--- START ---
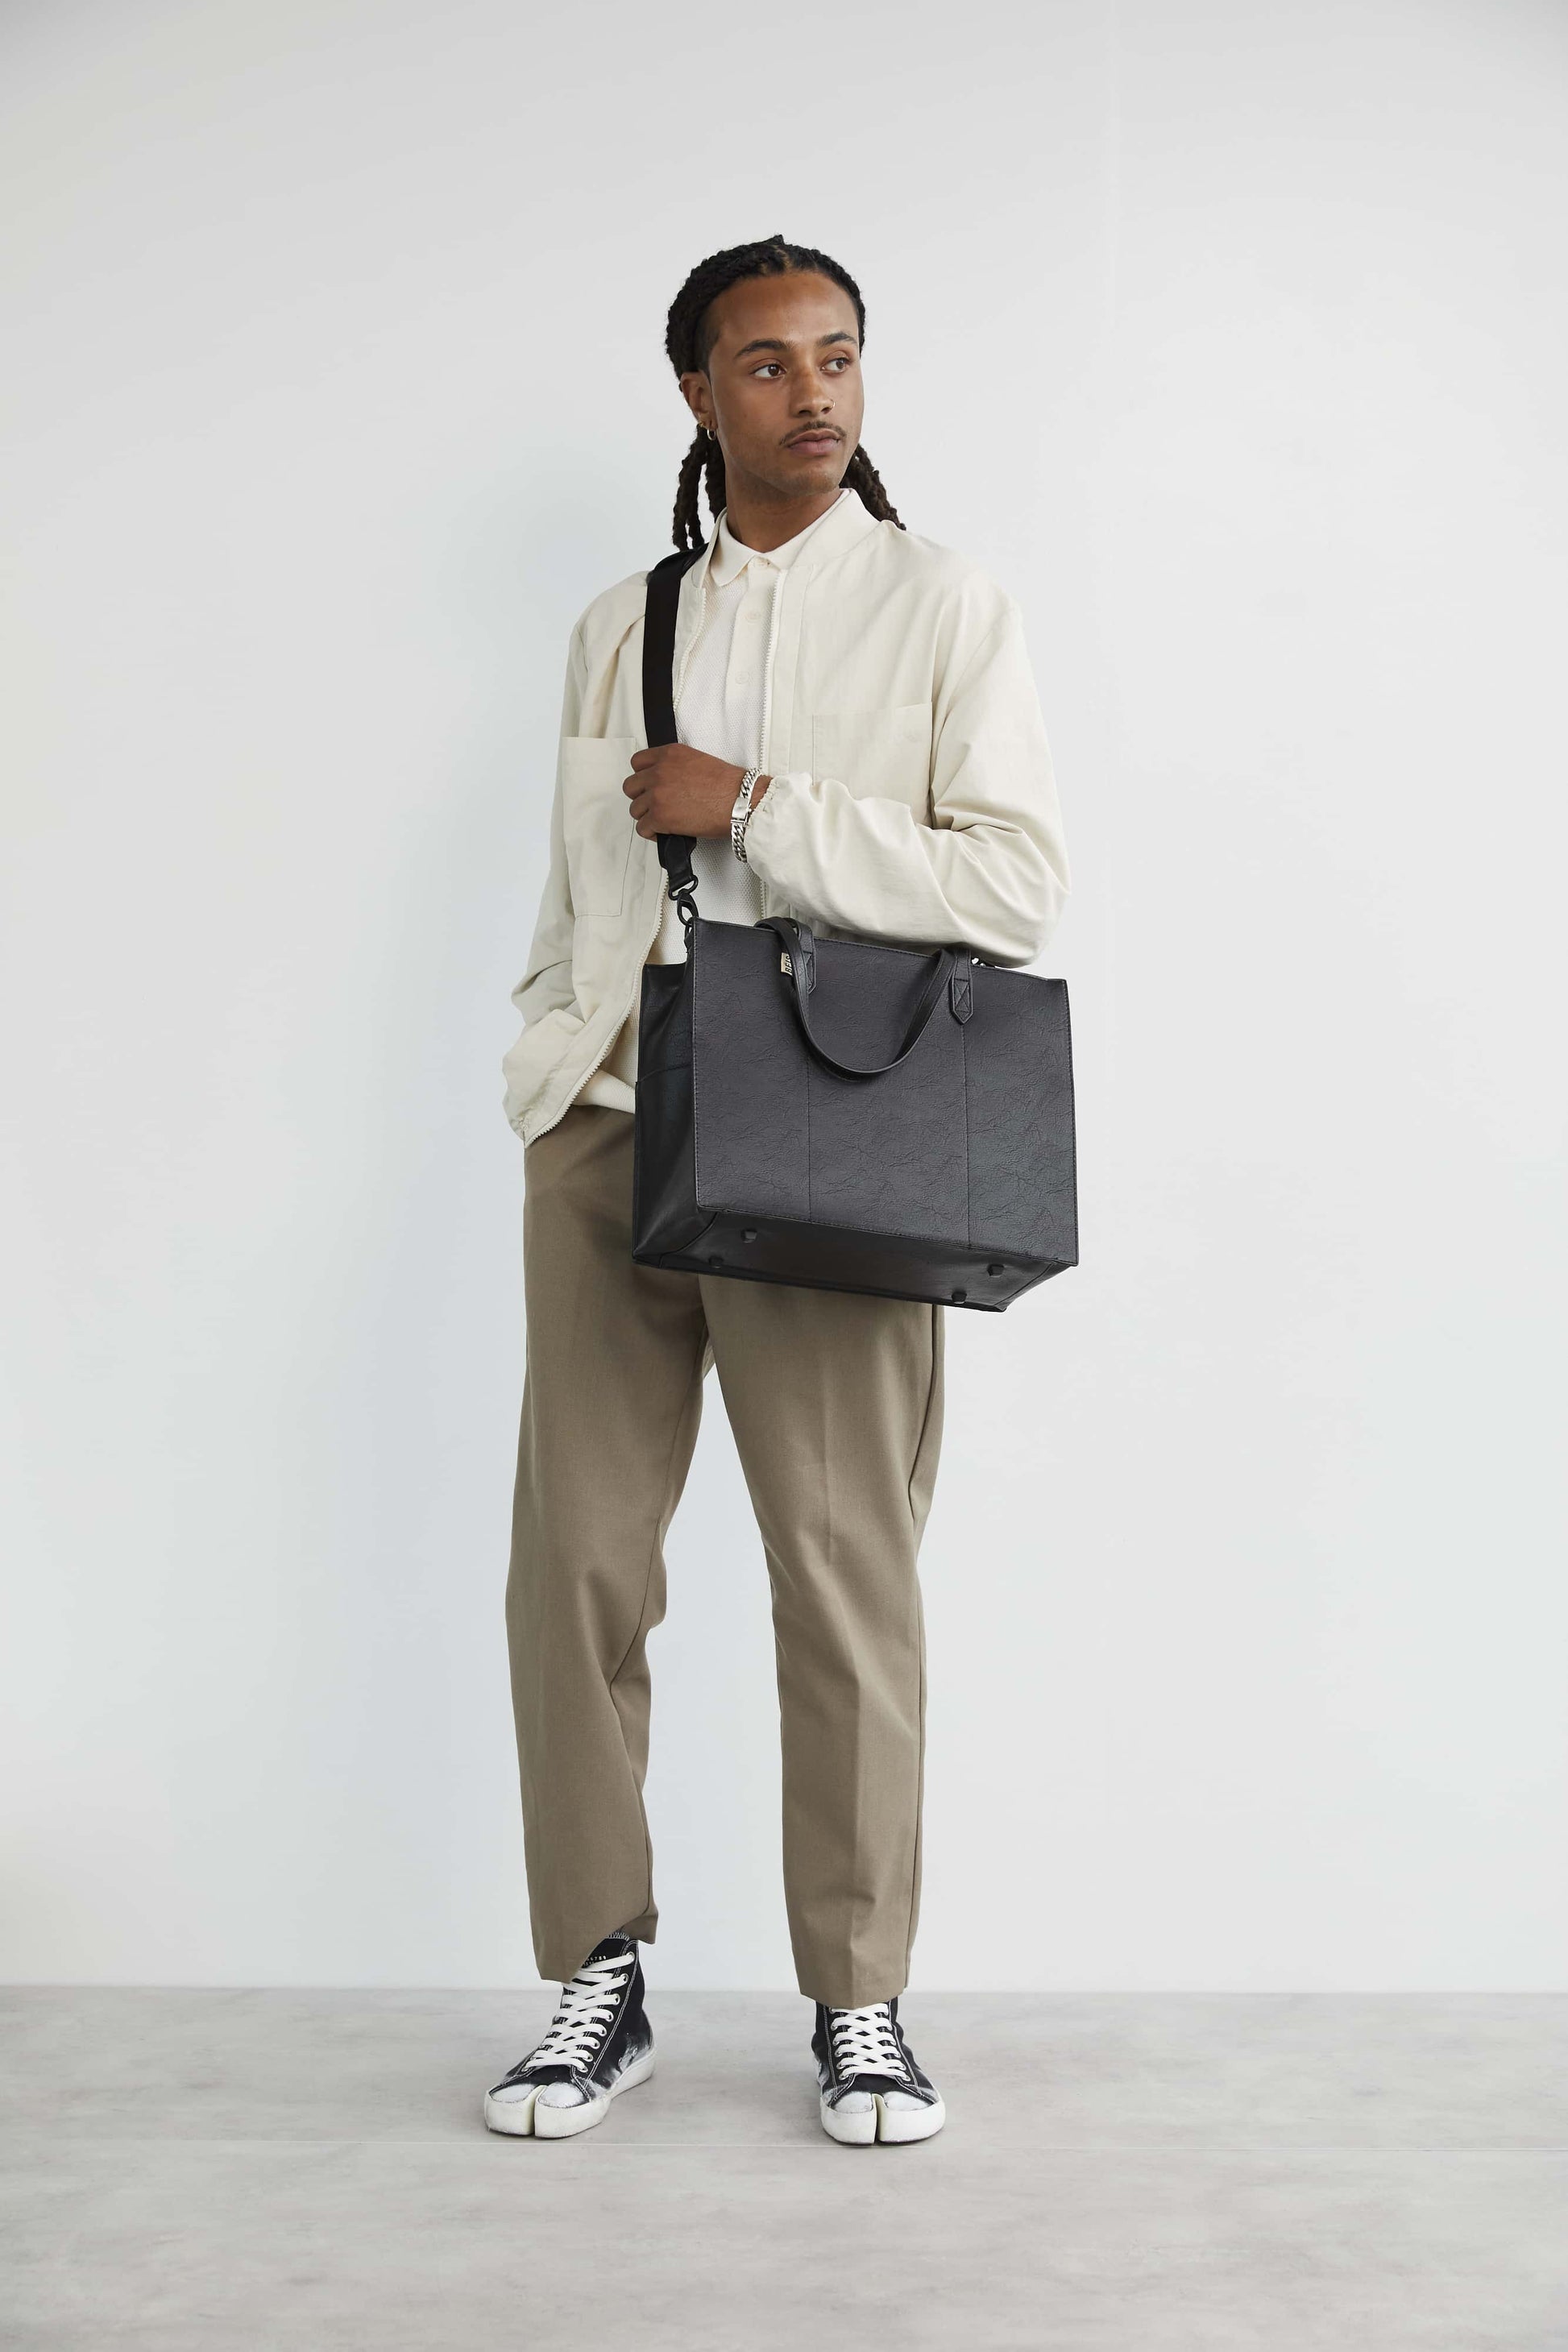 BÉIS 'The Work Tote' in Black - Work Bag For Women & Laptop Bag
--- END ---
--- START ---
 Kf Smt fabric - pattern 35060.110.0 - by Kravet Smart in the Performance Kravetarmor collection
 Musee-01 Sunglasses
--- END ---
--- START ---
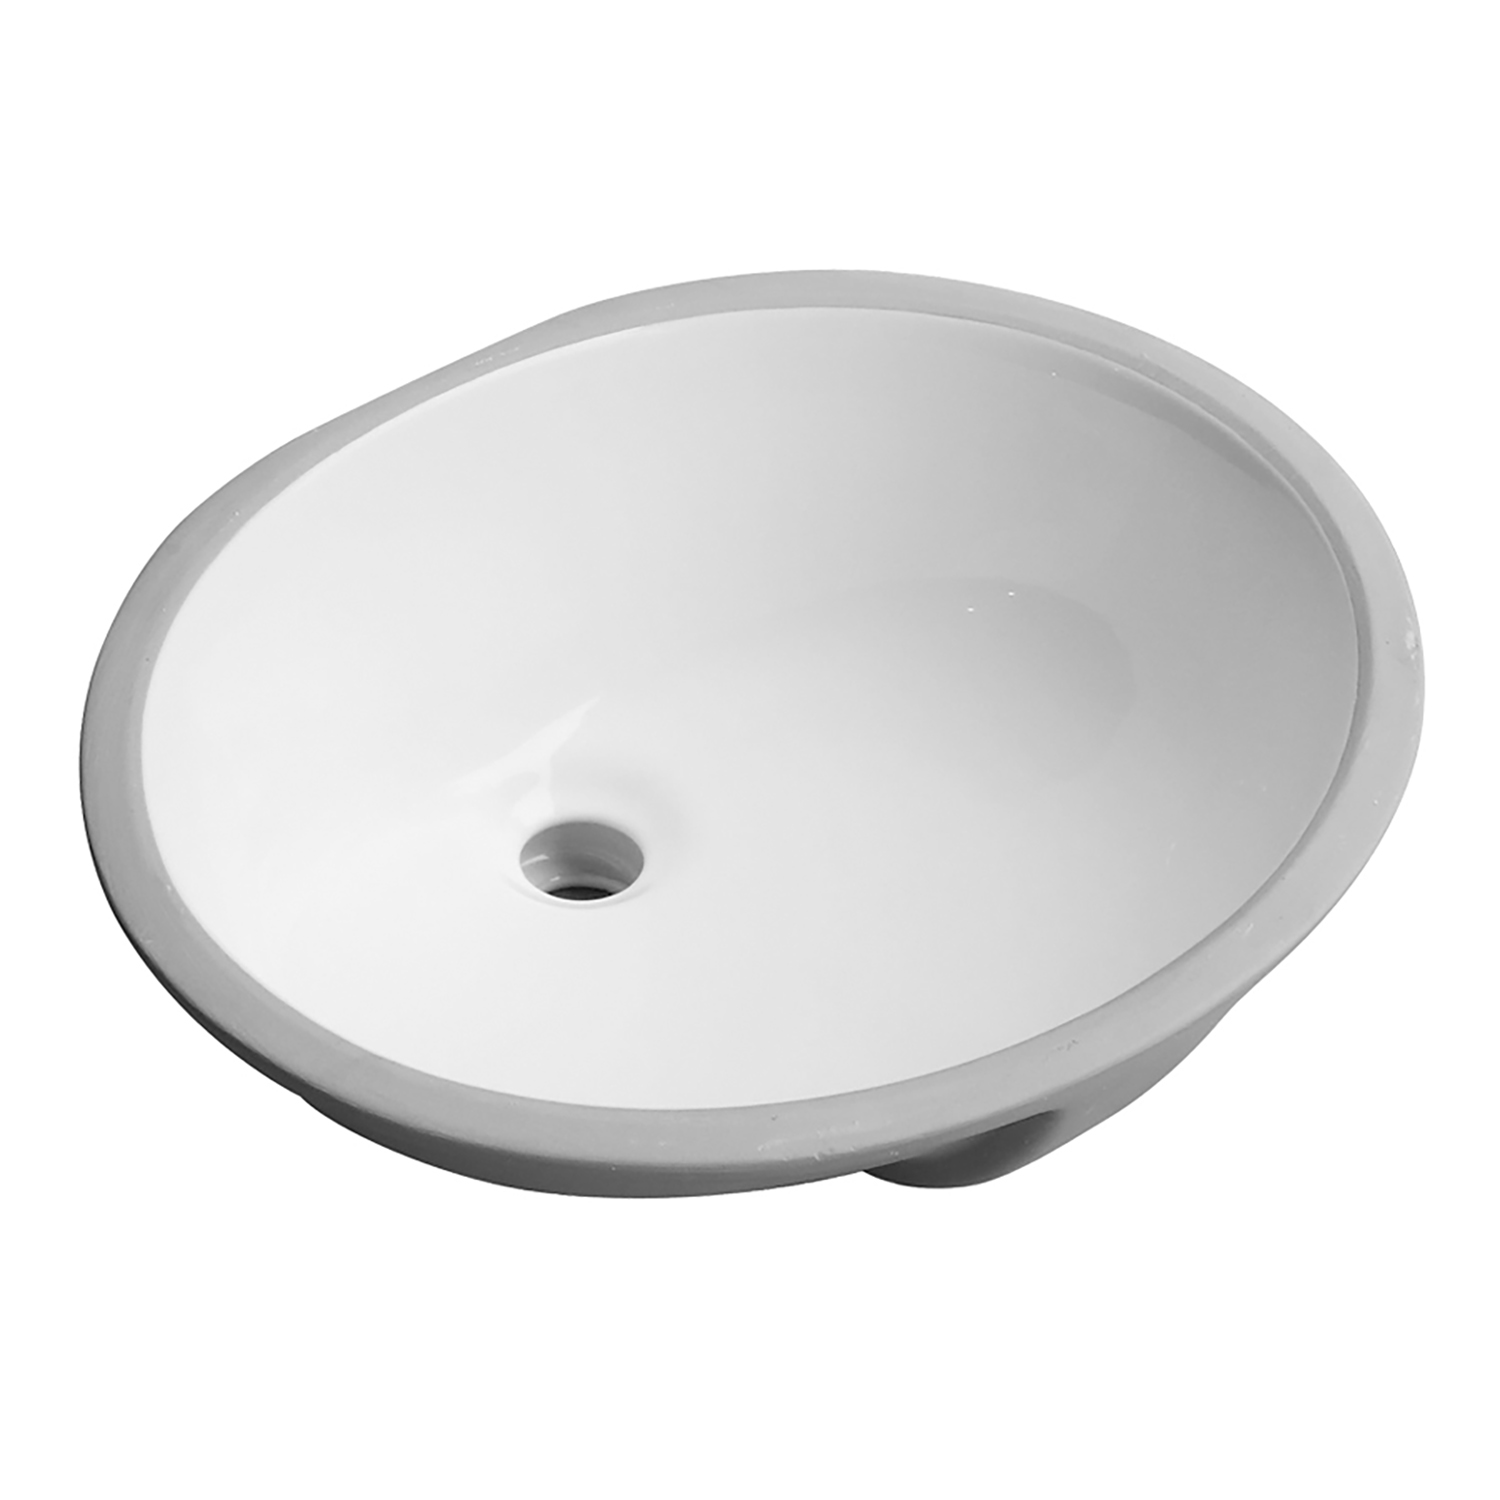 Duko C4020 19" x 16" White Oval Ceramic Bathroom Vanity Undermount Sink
--- END ---
*Work instructions*.
Repeat exactly the lines of the listing above, from the one with "Kf Smt fabric" down to the one with "Musee-01 Sunglasses"; both of those lines belong in the range.

*Task answer*.
 Kf Smt fabric - pattern 35060.110.0 - by Kravet Smart in the Performance Kravetarmor collection
 Musee-01 Sunglasses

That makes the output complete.